First, how you can do it more easily is:
by(combo2, :Pos, y -> (DK_rank=axes(y, 1)))
if your data frame is sorted
or
by(combo2, :Pos, y -> (DK_rank=sortperm(y, :DK_points, rev=true)))
if it is not sorted yet.
Now the problem you encounter is most likely related to sorting (but I am not sure). Can you please give the result of the following operation (or share your source data frame):
by(combo2, :Pos, y->DataFrame(len=nrow(y), rankrange = extrema(y[:,:DK_rank], isok=issorted(y[:,:DK_rank]))))
Additionally - I have just checked your code on some random data and I could not reproduce the problem.
Pos len rankrange isok
String Int64 Tuple… Bool
1 QB 39 (14, 52) true
2 RB 53 (1, 56) false
3 WR 56 (1, 39) false
4 TE 52 (1, 53) false
5 DST 33 (1, 33) true
Appears that the append order is out of whack. But not really sure why.
can you send me the data privately if you cannot share them openly? (as I have said - I have checked your codes on random data and they are OK). Also please confirm if the two methods I suggested work correctly on your data.
If I check for “sortedness” just on DK_points, seems sorting indeed didn’t work correctly.

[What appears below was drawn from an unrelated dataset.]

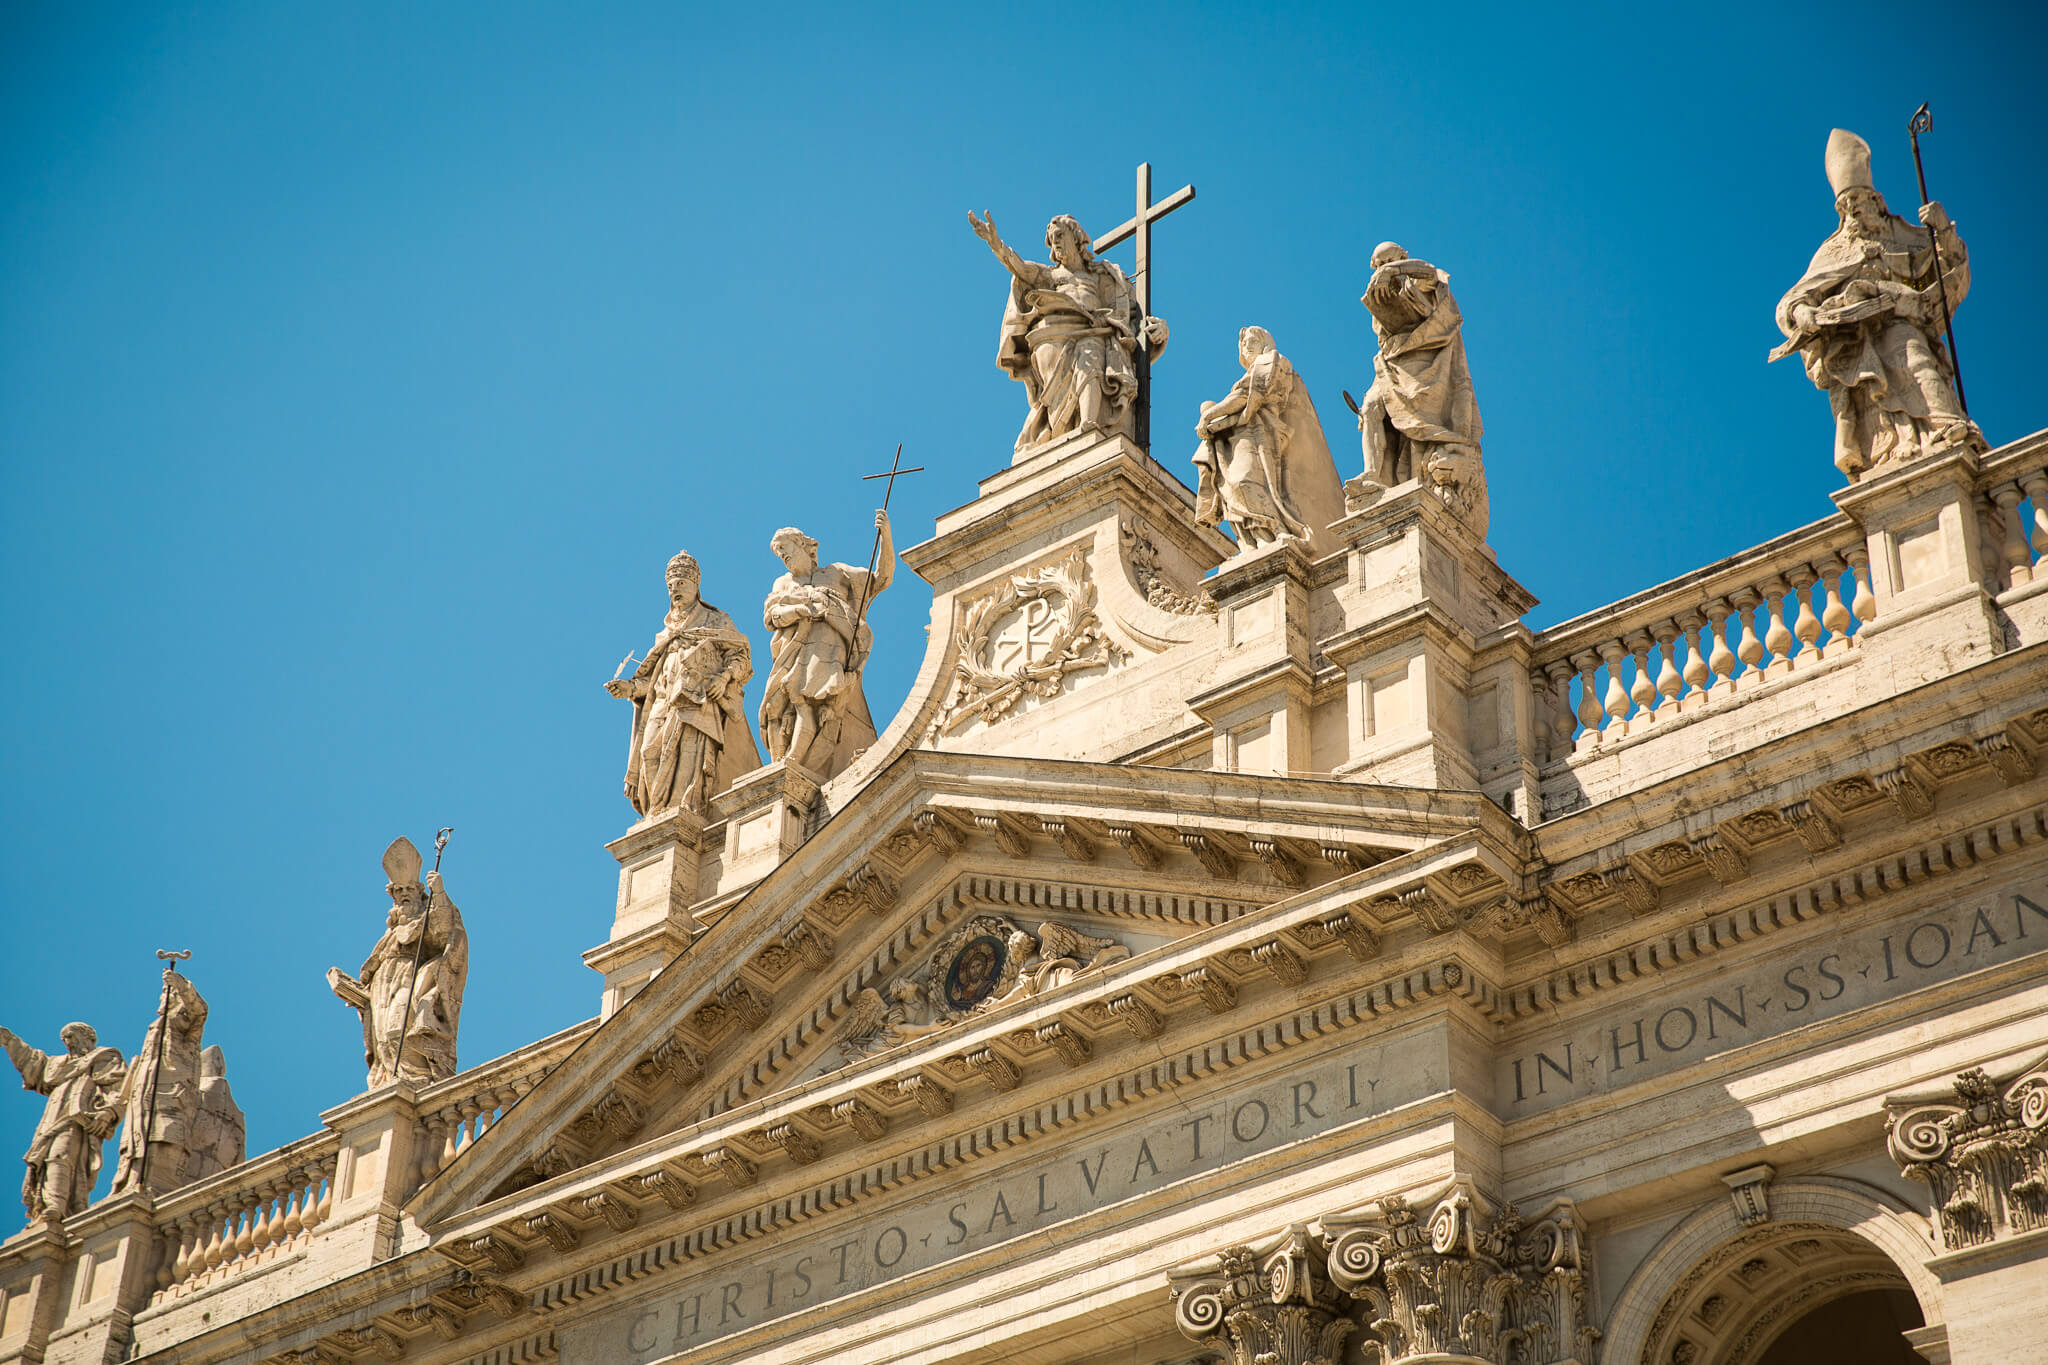 Details of the facade of Basilica di San Giovanni in Laterano
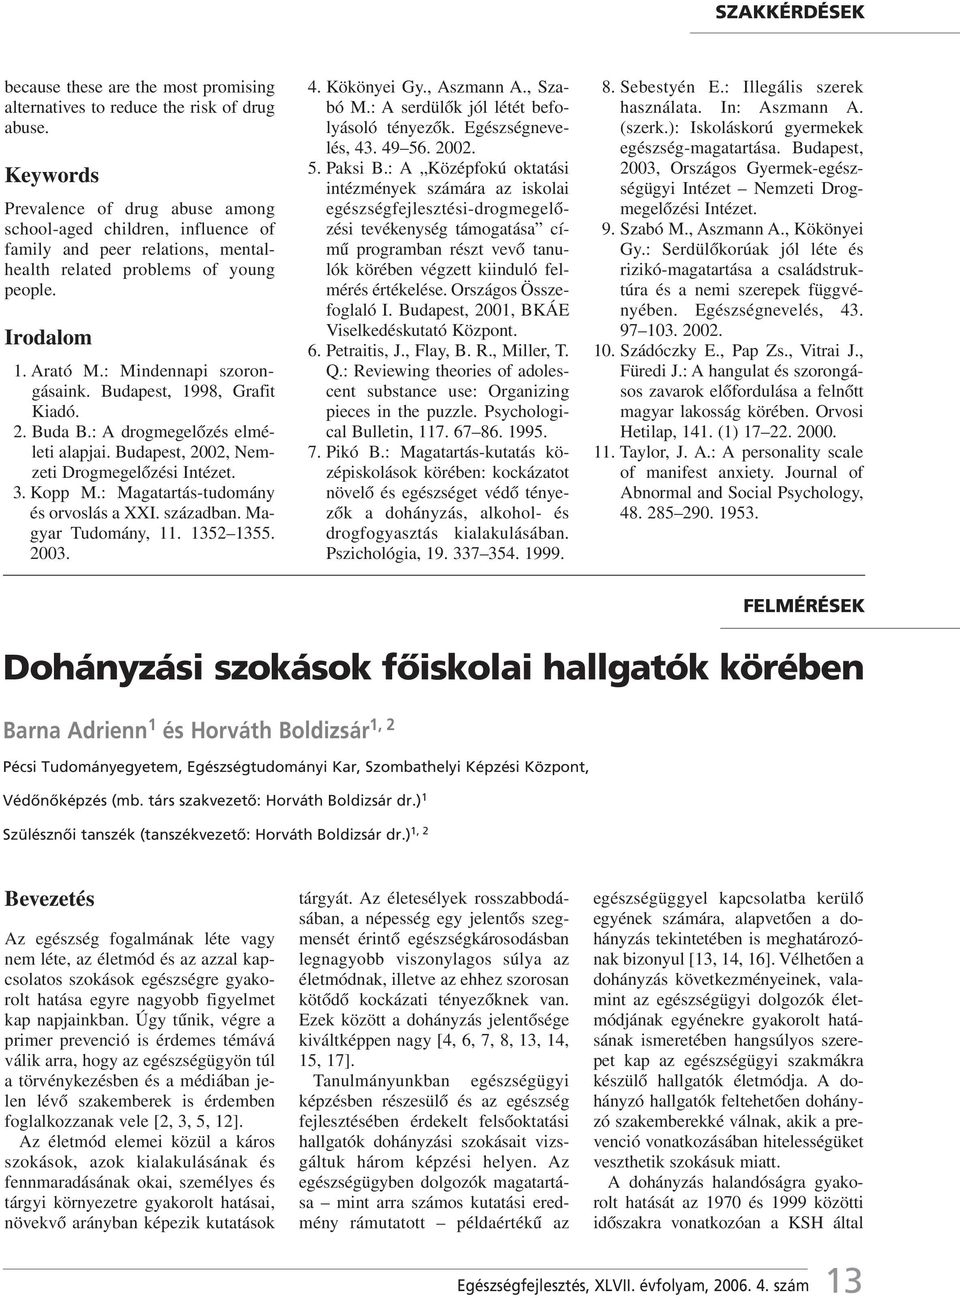 Budapest, 1998, Grafit Kiadó. 2. Buda B.: A drogmegelôzés elméleti alapjai. Budapest, 2002, Nemzeti Drogmegelôzési Intézet. 3. Kopp M.: Magatartás-tudomány és orvoslás a XXI. században.

sort!(combo2, [:Pos, :DK_points], rev=[true, true])
by(combo2, :Pos, y->DataFrame(len=nrow(y), isok=issorted(y[:,:DK_points])))
Pos len isok
String Int64 Bool
1 QB 39 false
2 RB 53 false
3 WR 56 false
4 TE 52 false
5 DST 33 false
With both of the methods you provided, if I insert the rank column back to the dataframe using
m = by(combo2, :Pos, y -> (DK_rank=sortperm(y, :DK_points, rev=true)))[:, :x1]
insertcols!(combo2, 6, DK_rank=m)
I get the same result as before
Please make sure that your combo2
data frame is sorted. In your post :Pos
column does not seem to be sorted in reverse order. The order should be like:
5×2 DataFrame
│ Row │ Pos │ minRank │
│ │ String │ Int64 │
├─────┼────────┼─────────┤
│ 1 │ WR │ 1 │
│ 2 │ TE │ 1 │
│ 3 │ RB │ 1 │
│ 4 │ QB │ 1 │
│ 5 │ DST │ 1 │